Because they needed hard currency. And there was probably some corruption in there.
So much for the capitalist selling the communist the rope he’ll be hanged with.
It’s the same with these materials. It’s only been the last few years (IIRC) that China has developed a near-monopoly on some of them, and it’s likely that most of that is due to environmental regulations and government subsidy rather than true rarity, and we really only ran into supply chain problems when the governments around the world followed our lead and shut everything down (Well, China sorta lead the way with that, being the ones that really were hardest hit).
The materials needed for making computer chips (at least the “rare earth” elements of them) have changed over the years, as has the location of their manufacture. It doesn’t make a lot of sense to stockpile stuff in the US when the chip fabs are in Taiwan, Ireland, Israel etc.

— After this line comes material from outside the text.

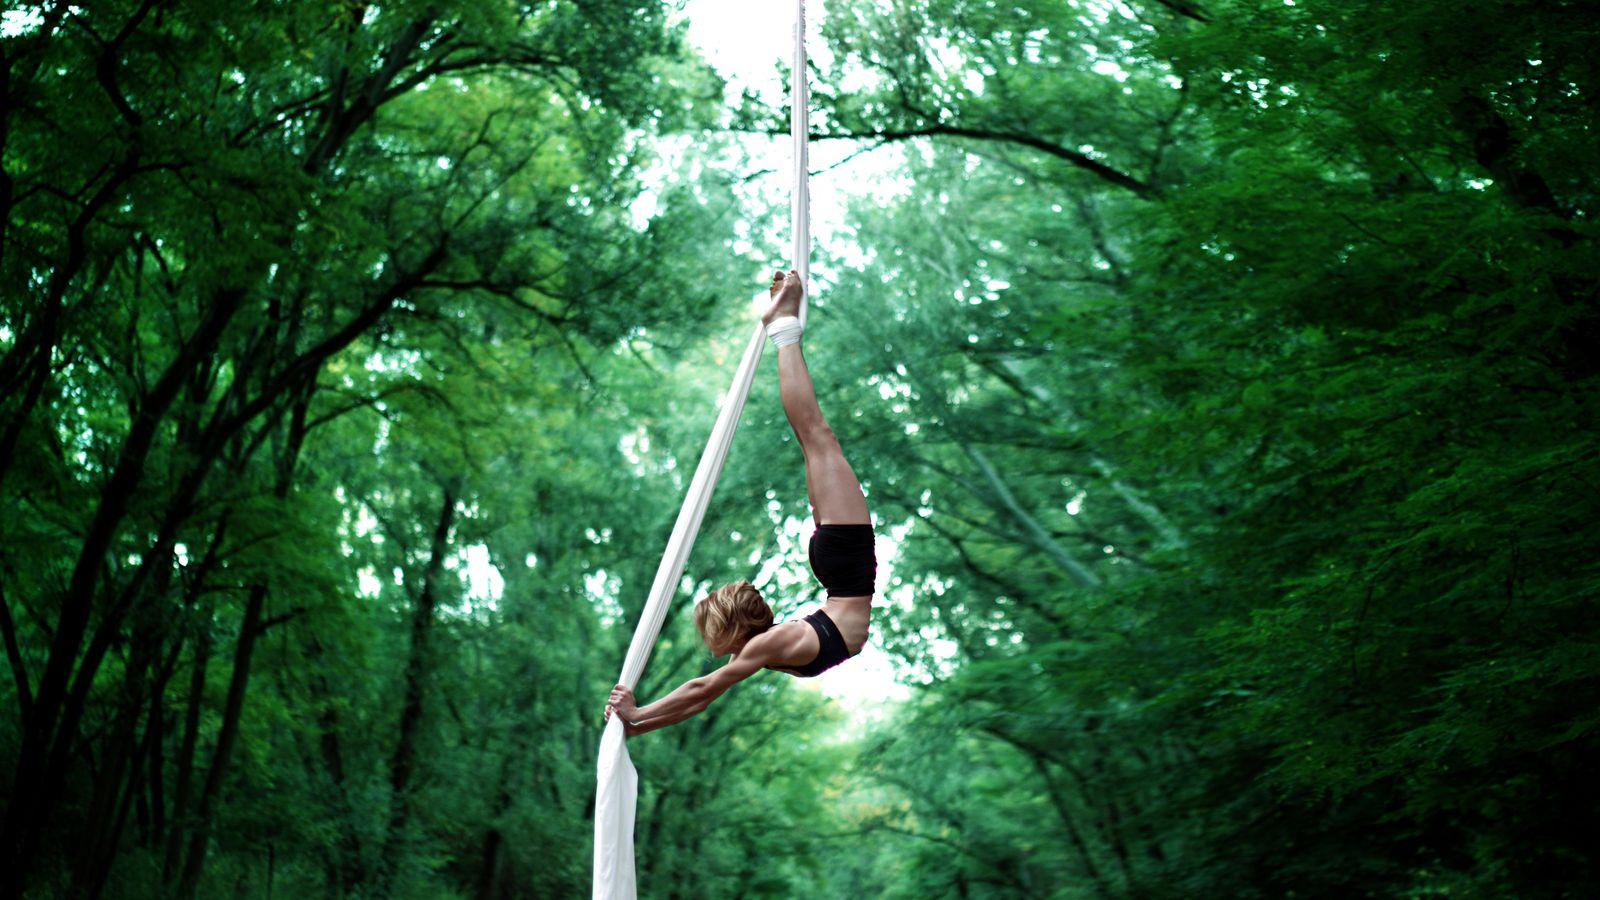 Sydney Martini est suspendue à son tissu aérien, sous la passerelle du Parc de la Feyssine. Sa silhouette se détache sur les arbres de l'allée centrale.

The ironic thing about “rare earth” minerals is that they’re all over the place, just in low(ish) concentrations and more difficult to extract. You don’t find a big vein of Cerium, for example, even though it’s more common than Copper (Cerium: 60 ppm, Copper 50 ppm). Back when they were discovered we didn’t have a use for ’em, so they remained rare because they weren’t worth the trouble of extracting. Now that we’ve decided they’re crucial for all of our new gizmos we’ve discovered more efficient ways to refine them and thus commercially viable deposits are being found all over the place.
Team Jackass & Richard Nixon.
Nixon signed the EPA into existence. It was his greatest crime.
wasn’t gasoline seen as a useless byproduct of oil refining back before the automobile was developed?
The environmental restrictions are killing the West’s strength and prosperity. You have Democrats supporting excessive environmental regulation and you have Republicans standing by doing nothing to stop it or reverse it.
Given the overtly political uses of the Strategic Petroleum Reserves by previous presidents, I’m not sure it’s actually necessary for the original intended purpose. And I’ll say the same thing about this critical mineral stockpile. Instead, why don’t we ease up on the fucking environmental fuckery and drill baby drill along with mine baby mine. Biden’s use of the SPR was obviously political and he squandered billions of dollars to make Wall Street a little happier. Let’s not give the next democratic president the same option with rare earth minerals.